« Conclave », film d’Edward Berger sorti en salles en 2024, est un thriller captivant dans lequel l’élection d’un nouveau pape résulte de luttes politiques sordides, de l’affrontement de conceptions différentes de la foi et d’une interrogation sur le rôle des femmes dans l’Église catholique.
À la mort du pape, le Cardinal Thomas Lawrence, doyen du Sacré Collège, est chargé d’organiser le conclave qui élira son successeur. Dans son prêche inaugural, il exhorte les cardinaux à ne pas se laisser brider par les certitudes, de se permettre le doute, de se laisser bousculer par l’Esprit Saint.

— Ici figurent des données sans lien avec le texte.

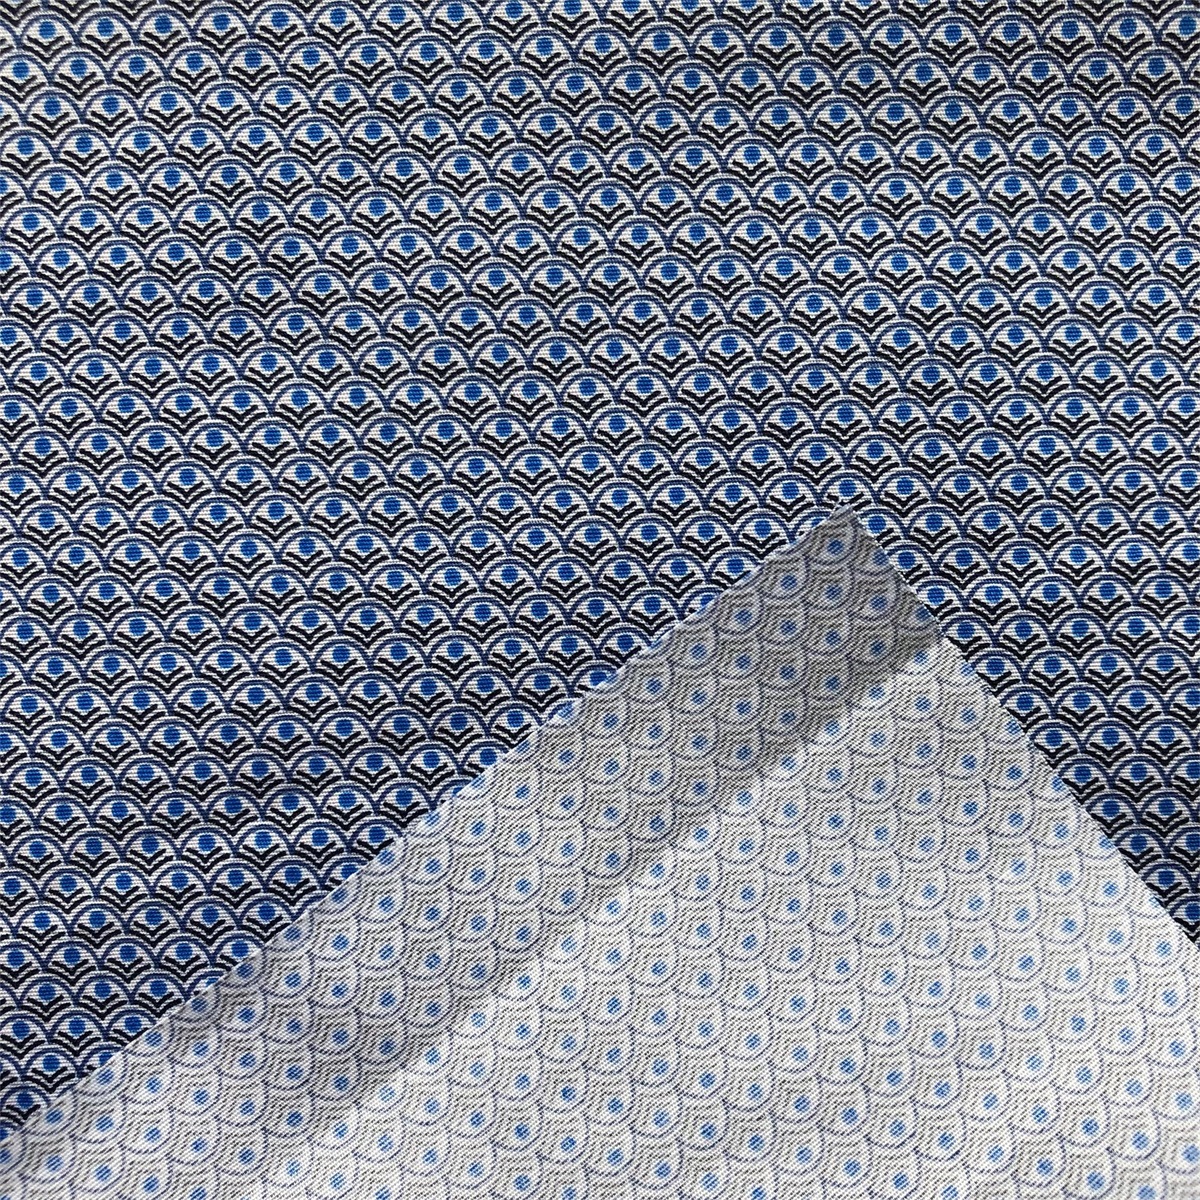 Soft breathable Spandex Fabric by compact yarn 98% cotton 2% spandex poplin printed shirts woven stretchy fabric

L’inattendu ne tarde pas faire irruption, sous la forme d’un homme qui se présente comme l’archevêque de Kaboul nommé « in pectore » (en secret) par le pape défunt. Il s’appelle Benitez, il est admis au conclave et obtient quelques voix aux premiers tours de scrutin.
Les tours de scrutin se succèdent. En coulisse, les ambitieux s’efforcent de couler leurs concurrents à coups d’achats de votes et de révélation de scandales sexuels. Les scènes d’enfer du plafond de la Chapelle Sixtine semblent faire écho à la perversité ambiante.
Une lutte au couteau se déroule entre progressistes (le cardinal Bellini, joué par Stanley Tucci) et réactionnaires (le cardinal Tedesco, joué par Sergio Castellito) . Un attentat islamiste semble donner raison à ces derniers qui appellent à une guerre de religions. Mais leur exacerbation fait peur et leur barre la route au pontificat.
C’est la dimension féminine du film – et son effacement dans un Vatican dogmatiquement masculin – qui constitue une vraie surprise pour le spectateur. En coulisse, Sœur Anna (Isabella Rossellini), responsable de l’hôtellerie-restauration du conclave, joue un rôle clé pour déjouer conspirations et complots. La dernière scène, dans laquelle le pape nouvellement élu révèle un invraisemblable secret intime, ouvre la possibilité d’une rupture avec le masculinisme de l’Église catholique.
La photographie du film, qui insiste sur le contraste du blanc, du noir et du rouge, est remarquable, tout comme la bande son de Volker Bertelmann, qui souligne l’ambiance anxiogène de ce conclave dans lequel, comme l’avais souhaité le cardinal Lawrence, rien n’est joué d’avance.